Tue, 24 May, 03:50 - 05:00 France Time (UTC +2)
Tue, 24 May, 01:50 - 03:00 UTC
Mon, 23 May, 21:50 - 23:00 New York Time (UTC -4)
Closed-Loop Data Transcription via Minimaxing Rate Reduction
Chair: C.-C Jay Kuo, University of Southern California, USA
This work proposes a new computational framework for learning an explicit generative model for real-world datasets. More specifically, we propose to learn a closed-loop transcription between a multi-class multi-dimensional data distribution and a linear discriminative representation (LDR) in the feature space that consists of multiple independent linear subspaces. We argue that the optimal encoding and decoding mappings sought can be formulated as the equilibrium point of a two-player minimax game between the encoder and decoder. A natural utility function for this game is the so-called rate reduction, a simple information-theoretic measure for distances between mixtures of subspace-like Gaussians in the feature space. Our formulation draws inspiration from closed-loop error feedback from control systems and avoids expensive evaluating and minimizing approximated distances between arbitrary distributions in either the data space or the feature space. To a large extent, this new formulation unifies the concepts and benefits of Auto-Encoding and GAN and naturally extends them to the settings of learning a both discriminative and generative representation for multi-class and multi-dimensional real-world data. Our extensive experiments on many benchmark imagery datasets demonstrate tremendous potential of this new closed-loop formulation: we notice that the so learned features of different classes are explicitly mapped onto approximately independent principal subspaces in the feature space; and diverse visual attributes within each class are modeled by the independent principal components within each subspace. This work opens many deep mathematical problems regarding learning submanifolds in high-dimensional spaces as well as suggests potential computational mechanisms about how memory can be formed through a purely internal closed-loop process.

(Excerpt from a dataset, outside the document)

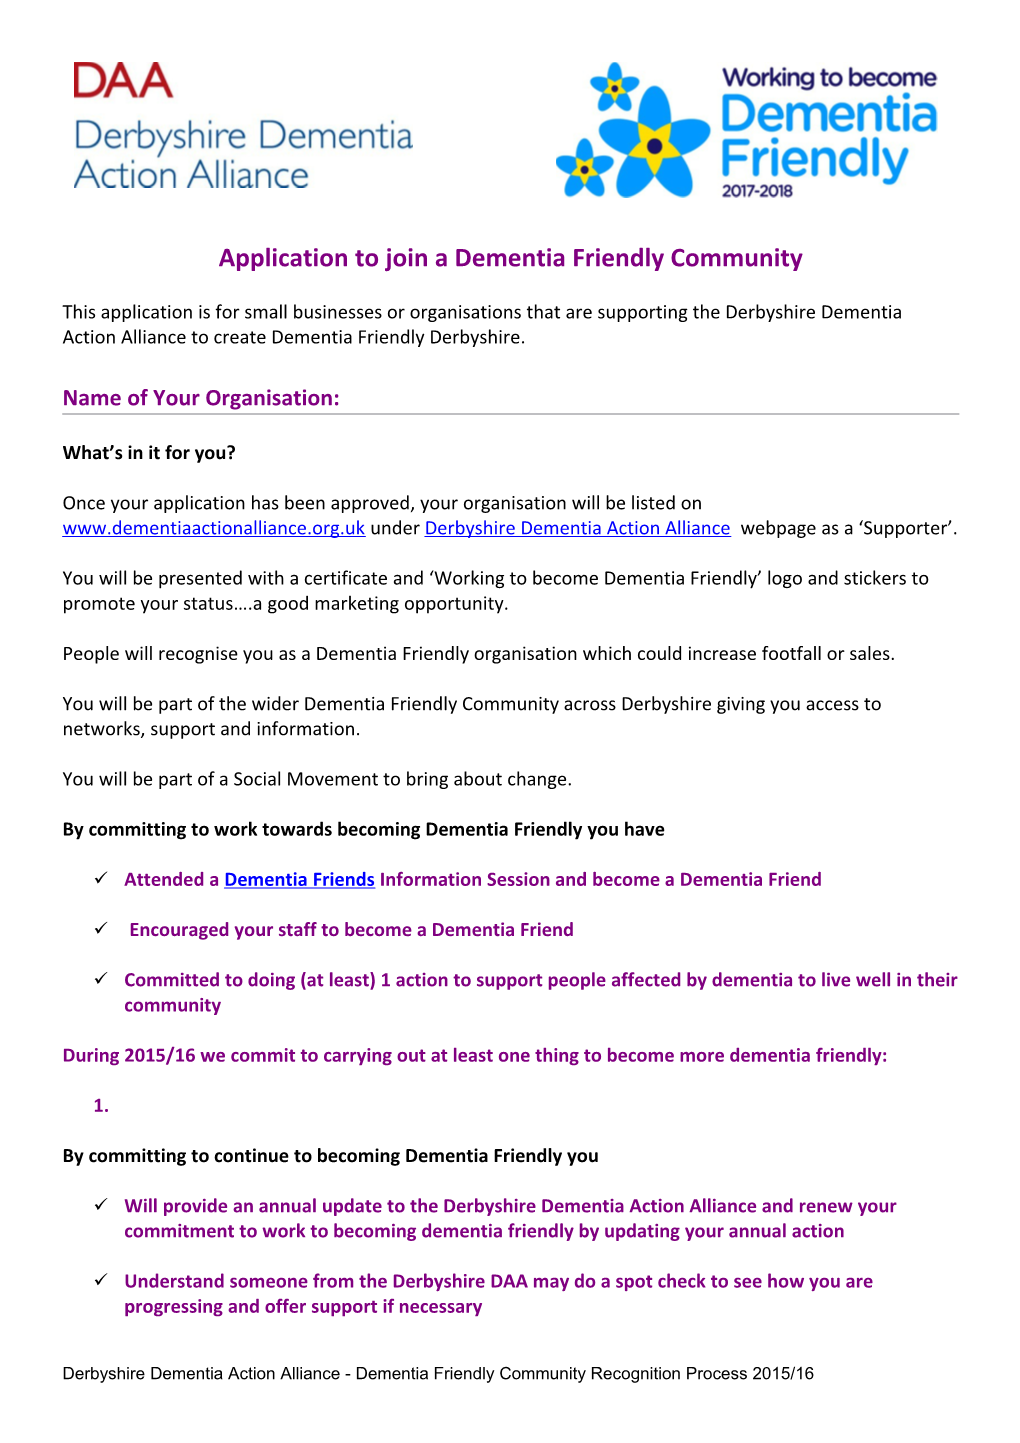 Application to Join a Dementia Friendly Community

This is joint work with Xili Dai, Shengbang Tong, Mingyang Li, Ziyang Wu, Kwan Ho Ryan Chan, Pengyuan Zhai, Yaodong Yu, Michael Psenka, Xiaojun Yuan, Heung-Yeung Shum. A related paper can be found at: https://arxiv.org/abs/2111.06636
Yi Ma is a Professor at the Department of Electrical Engineering and Computer Sciences at the University of California, Berkeley. His research interests include computer vision, high-dimensional data analysis, and intelligent systems. Yi received his Bachelor’s degrees in Automation and Applied Mathematics from Tsinghua University in 1995, two Masters degrees in EECS and Mathematics in 1997, and a PhD degree in EECS from UC Berkeley in 2000. He has been on the faculty of UIUC ECE from 2000 to 2011, the principal researcher and manager of the Visual Computing group of Microsoft Research Asia from 2009 to 2014, and the Executive Dean of the School of Information Science and Technology of ShanghaiTech University from 2014 to 2017. He then joined the faculty of UC Berkeley EECS in 2018. He has published about 120 conference papers, 60 journal papers, and three textbooks in computer vision, generalized principal component analysis, and high-dimensional data analysis. He received the NSF Career award in 2004 and the ONR Young Investigator award in 2005. He also received the David Marr prize in computer vision from ICCV 1999 and best paper awards from ECCV 2004 and ACCV 2009. He has served as the Program Chair for ICCV 2013 and the General Chair for ICCV 2015. He is a Fellow of IEEE, ACM, and SIAM.
Wed, 25 May, 03:50 - 05:00 France Time (UTC +2)
Wed, 25 May, 01:50 - 03:00 UTC
Tue, 24 May, 21:50 - 23:00 New York Time (UTC -4)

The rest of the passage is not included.